So I assumed that _jyuuN_, and _vuuN _would follow the same pattern, this is:

- relative: _juuN or jyuuN
- _proximal_:  yuuN or yoN
- _distant_: vuuN or voN
- _"pure correlative"_:  tyuuN or tyoN
- _interrrogative (oddball in terms of meaning)_:  kyuN? or kyoN?_

So "_yuuN_" would not be the same as "jyuuN": one is the proximal (="in this way"), and the other the relative (="in such a way").

vuuN definitiely exists in Urdu, with the correlative sentence I indicate (although it must be so rare, that it is difficult to find examples, even in Urdu). I asked about it in a thread a few days back. The sentence says:

_juuN juuN liyaa teraa naaoN, vuuN vuuN maaraa saaraa gaaoN_
"As I invoked Your name, I conquered the whole village"

But if you never heard of it, I would assume it doesn't exist in Hindi. 
Neither does_ voN?  _It is in Platts



PLATTSवोंوونوون वों woṅ, or वूं wūṅ [Ap. Prk. एम्वइ, loc. sing. of एम्व, Prk. एव, fr. S. इयत् (Ved. ईवत्)], adv. In that manner, thus, so, like that:—woṅ-kā woṅ-hī, adv. Exactly the same as before or originally:—woṅ-hī, or wūṅ-hī, or woṅ-hīṅ, or wūṅ-hīṅ, adv.=wahīṅ or wǒhīṅ, q.v.





littlepond said:


> "vuuN jaa rahaa hai tiin pair vaalaa aadmii" ("there goes the man with three legs"). "yuun" here would, rather, mean "the man with three legs is going in this way."


In light of what I just said, could _vuuN _and _yuuN _be simply 2 aspects (proximal and distant)  of the same modal adverb ("he walks this way" versus  "he walks that way")?


----------



## desi4life

MonsieurGonzalito said:


> Interesting!
> But if you never heard of it, I would assume it doesn't exist in Hindi.



vuuN/voN certainly exists in Hindi. Here’s an entry from Oxford Hindi-English:

वों voṁ , adv. in that way, thus, like that (cf. यों 'like this').

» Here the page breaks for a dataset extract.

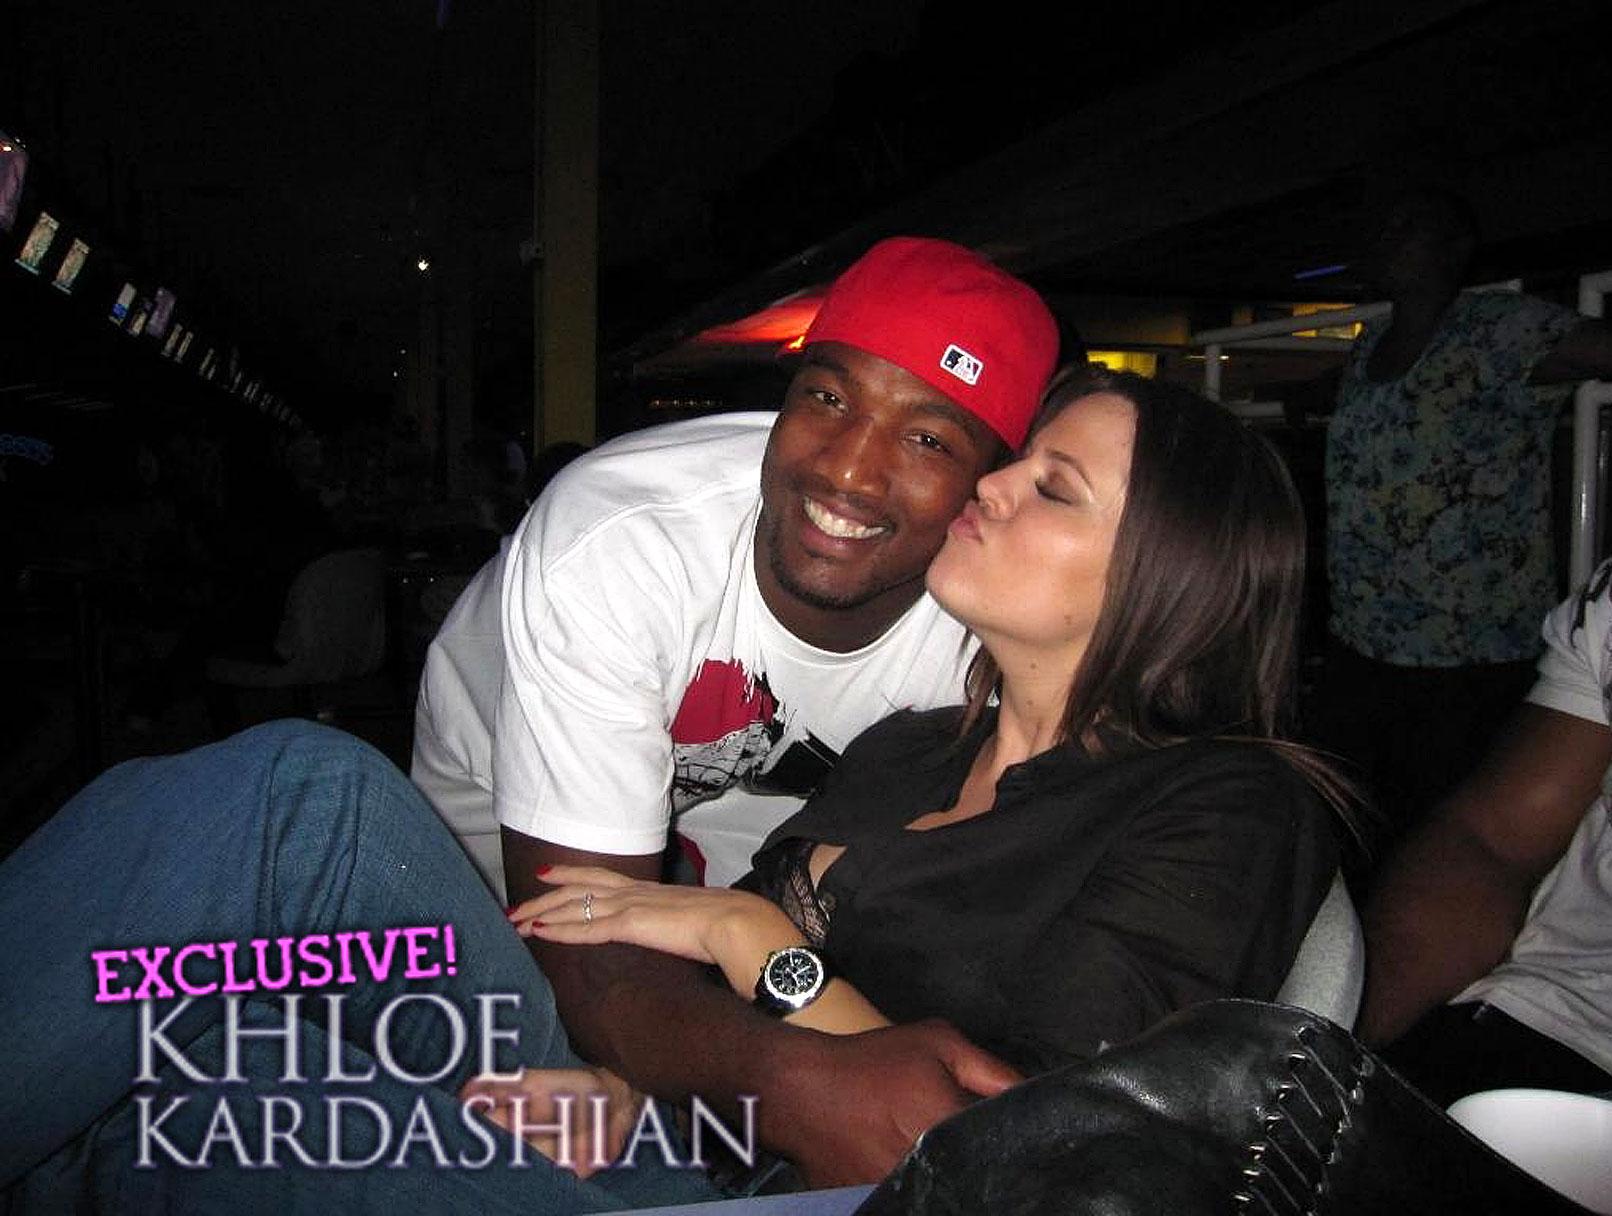 Khloe Kardashian: Totally Not Engaged!

It’s not ubiquitously used in spoken language like yuuN/yoN.


----------



## Qureshpor

MonsieurGonzalito said:


> One of the examples is from the song and movie "Sarfarosh"
> 
> _yaaro, *aise *gulshan ko [*jise *sar-faroshoN ne lahuu de ke siiNchaa hai] ujRne se bachaa lo_
> "Comrades, such garden [to which the fearless watered givin their blood] let's preserve it from being devastated"





MonsieurGonzalito said:


> The other is the famous poem by Faiz:
> _
> raat *yuuN *dil meN terii khoii huii yaad aaii [*jaise *viiraane meN chupke se bahaar aa jaae]_
> "In the night your lost memory (in this way) came to (my) heart, as spring comes quietly to a barren place"



This pairing is quite normal..

ek jaan-var *aisaa,* *jis* *kii* dum par paisaa (Riddle - Answer- mor)

*aise* gulshan ko *jise*/*jis ko* sar-faroshoN ne lahuu de ke siiNchaa hai..

Such a garden which has been irrigated by the blood of those prepared to gamble their lives..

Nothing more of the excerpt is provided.